Une tendance de repli en Afrique subsaharienne

Cette décision stratégique intervient en outre dans un contexte de repli progressif des grandes banques internationales de la région subsaharienne, jugée de plus en plus difficile et peu rentable. On se souvient du désengagement complet en septembre 2022 de Barclays en Afrique après la cession de sa filiale sud-africaine Absa. Ou encore début 2023 du retrait de Société Générale de plusieurs pays africains dont le Congo, la Guinée équatoriale, la Mauritanie et le Tchad.

Comme l’analyse Gary Greenwood, analyste de recherche en actions chez Shore Capital, «ce nouveau mouvement de Standard Chartered n’est donc pas une surprise et c’était quelque chose qu’ils avaient laissé entendre.» L’analyste voit dans cette annonce la simple concrétisation des «opportunités de vendre une partie ou la totalité d’un petit nombre d’entreprises» évoquées dès la dernière présentation des résultats.

Si Bill Winters assure que l’Afrique reste au cœur du réseau mondial de la banque où le groupe est présent depuis 170 ans, ce recentrage pourrait marquer un nouveau virage stratégique du britannique sur le continent.
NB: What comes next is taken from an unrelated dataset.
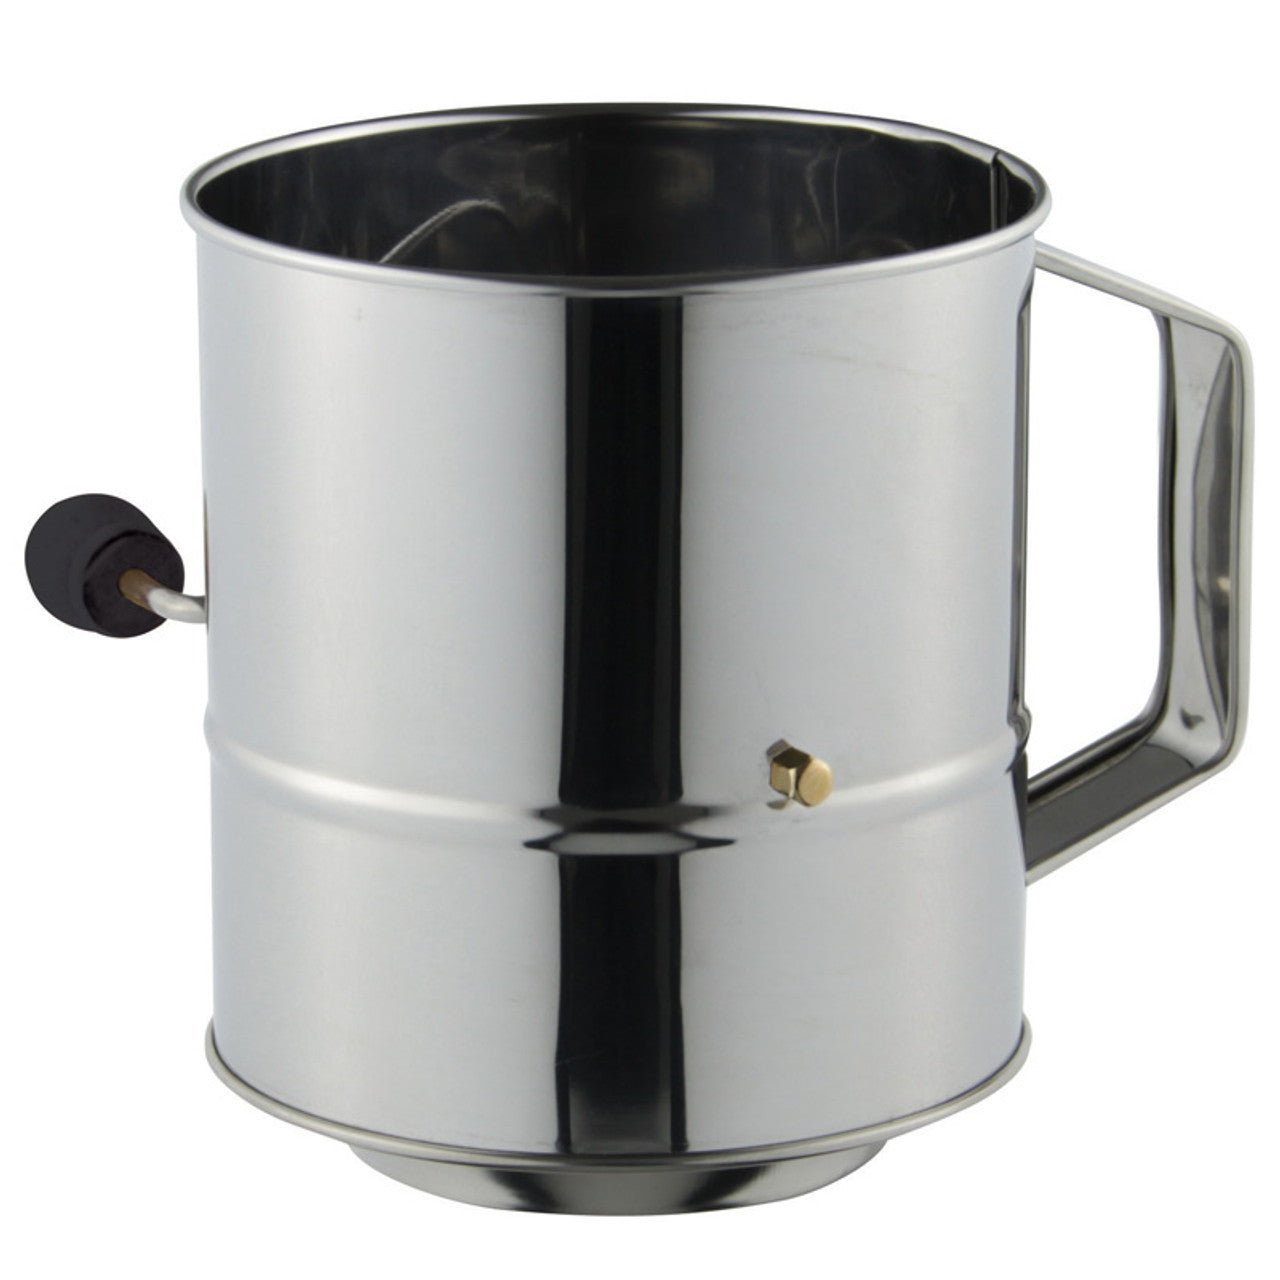 Crank Handle Flour Sifter - 5 Cup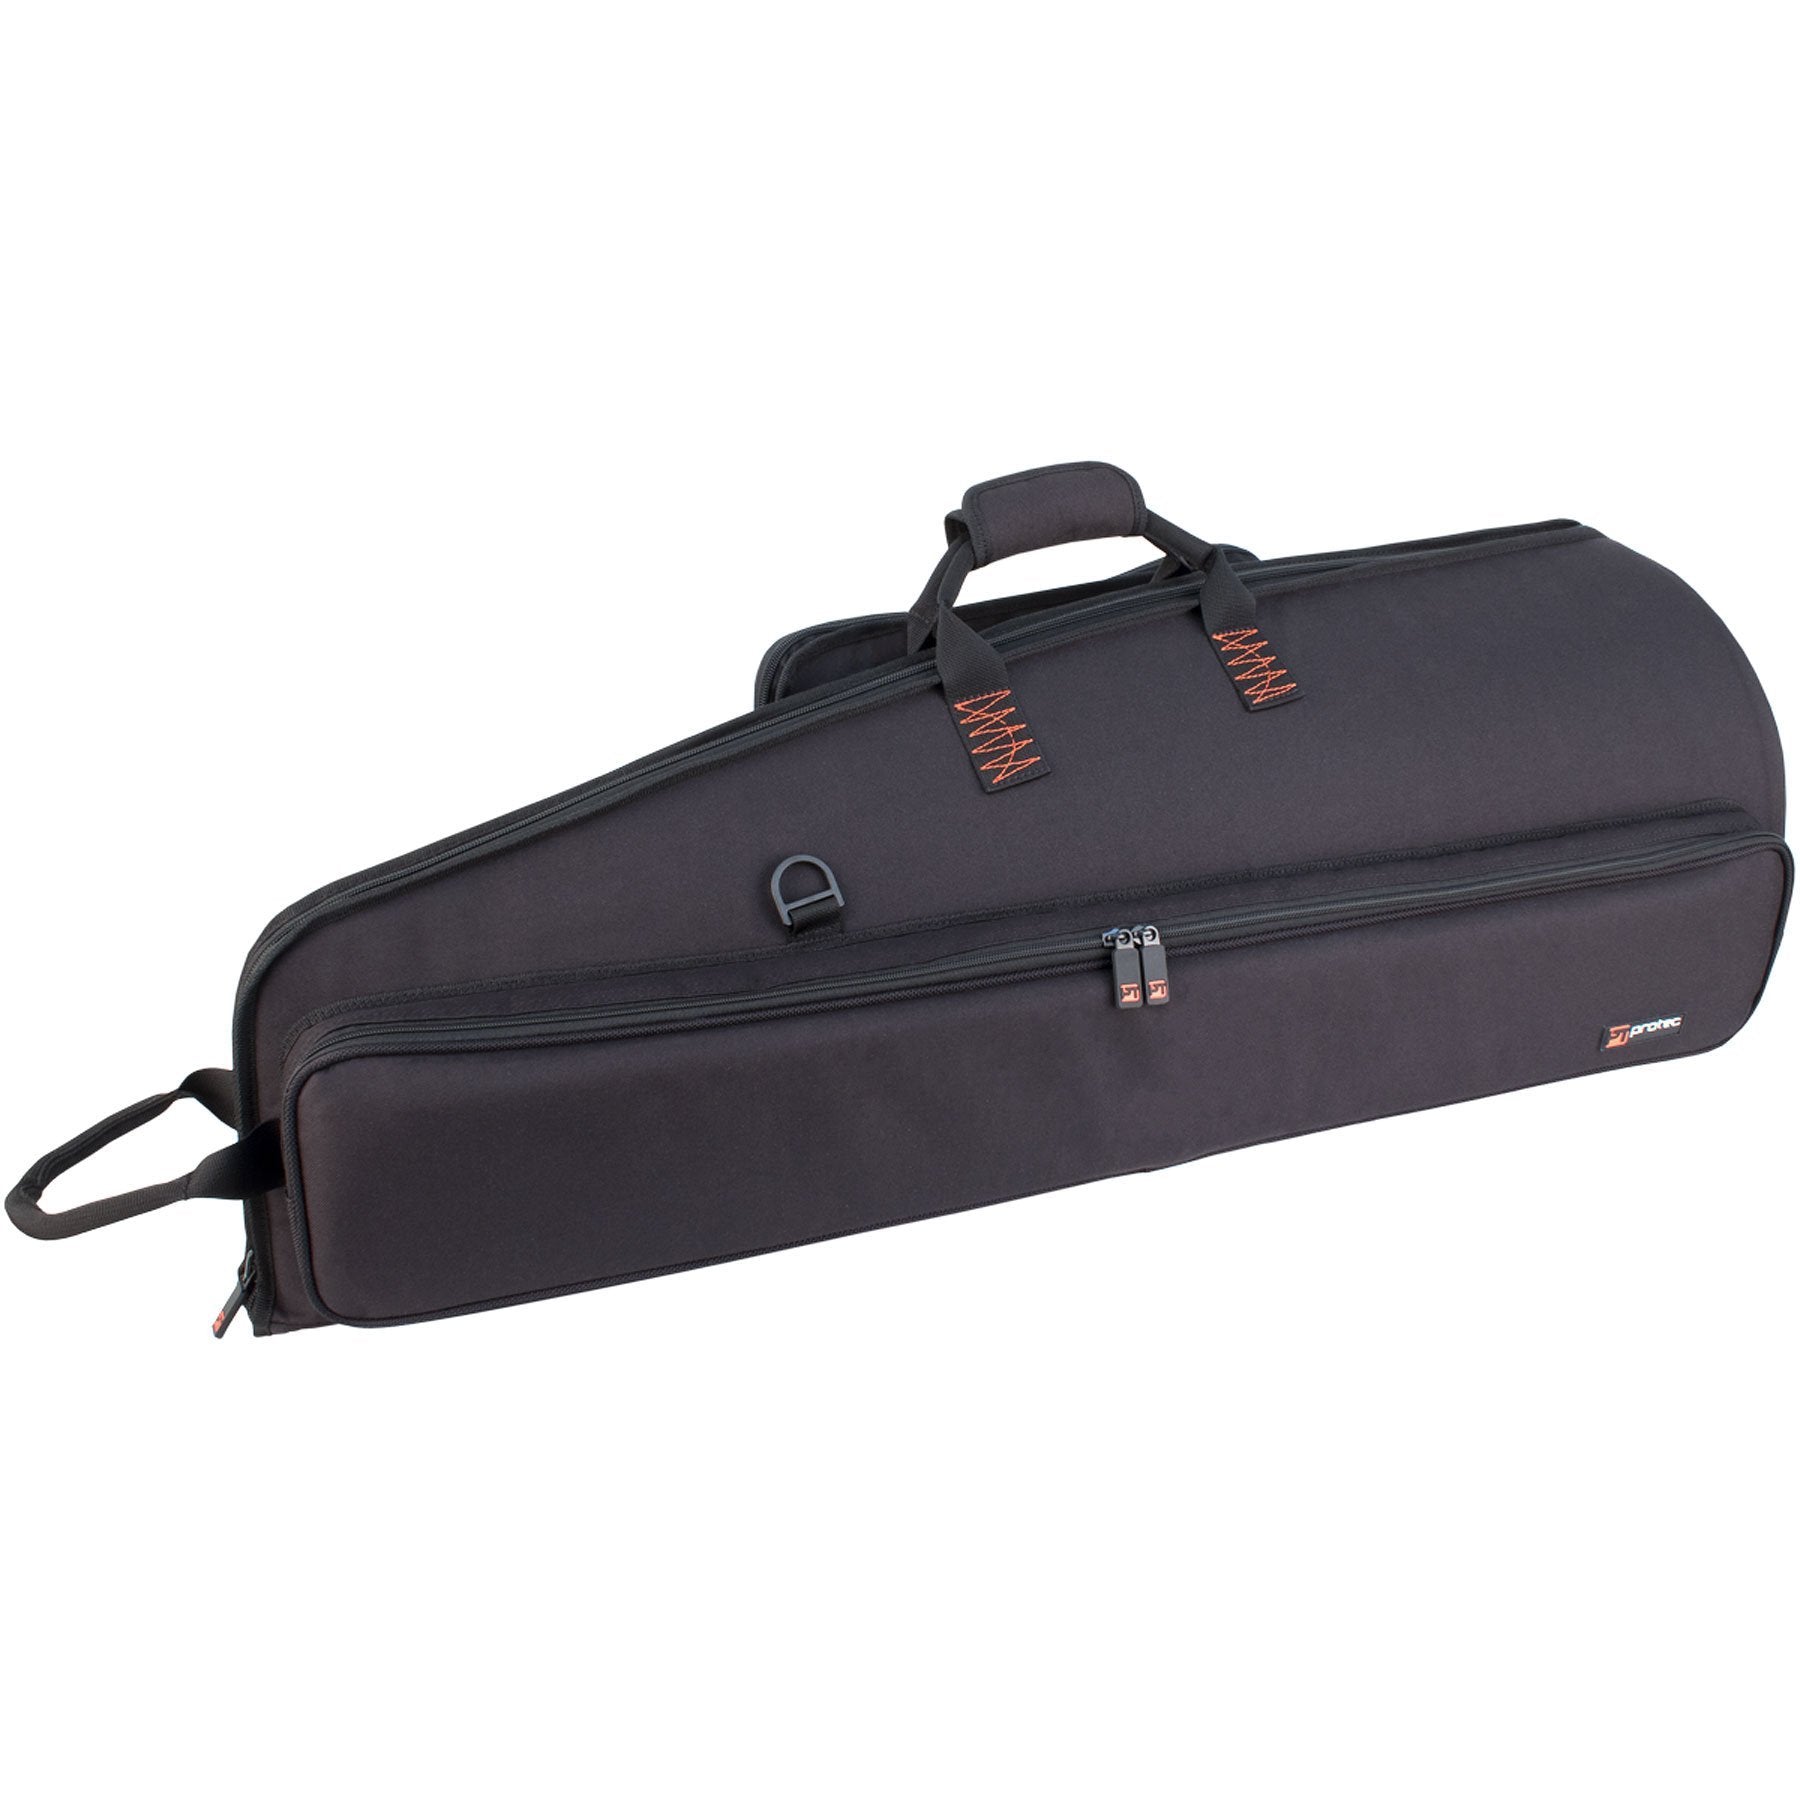 Protec - Bass Trombone Explorer Gig Bag with Sheet Music Pocket-Case-Protec-Music Elements

Son ambition semble désormais de se concentrer sur les besoins transfrontaliers de ses grands clients entreprises et institutionnels, plutôt que sur une présence de banque de détail peu différenciante dans certains pays.

Un avenir centré sur la banque d’affaires ?

Le patron affiche en effet la volonté de «resserrer le focus» de sa banque d’investissement sur les besoins transfrontaliers des grands clients entreprises et institutionnels à travers l’Asie, l’Afrique et le Moyen-Orient. Il vise notamment à augmenter à 60% la part des revenus provenant des clients institutionnels, contre 40% pour les entreprises.

Cette ambition de devenir un acteur de référence de la banque d’affaires transfrontalière en Afrique semble plus réaliste que le positionnement actuel de Standard Chartered, pris en tenaille entre les banques locales bien implantées et les mastodontes mondiaux.

Si cette stratégie de recentrage devait se confirmer, on peut s’attendre à ce que Standard Chartered conserve dans la plupart des pays africains une présence de banque d’affaires dédiée aux grandes entreprises et institutions financières internationales. Mais qu’elle abandonne progressivement ses activités de banque de détail et de gestion de patrimoine pour les particuliers et PME, peu différenciantes et à faible rentabilité. Une évolution stratégique qui pourrait impacter durablement son modèle économique et son empreinte en Afrique subsaharienne.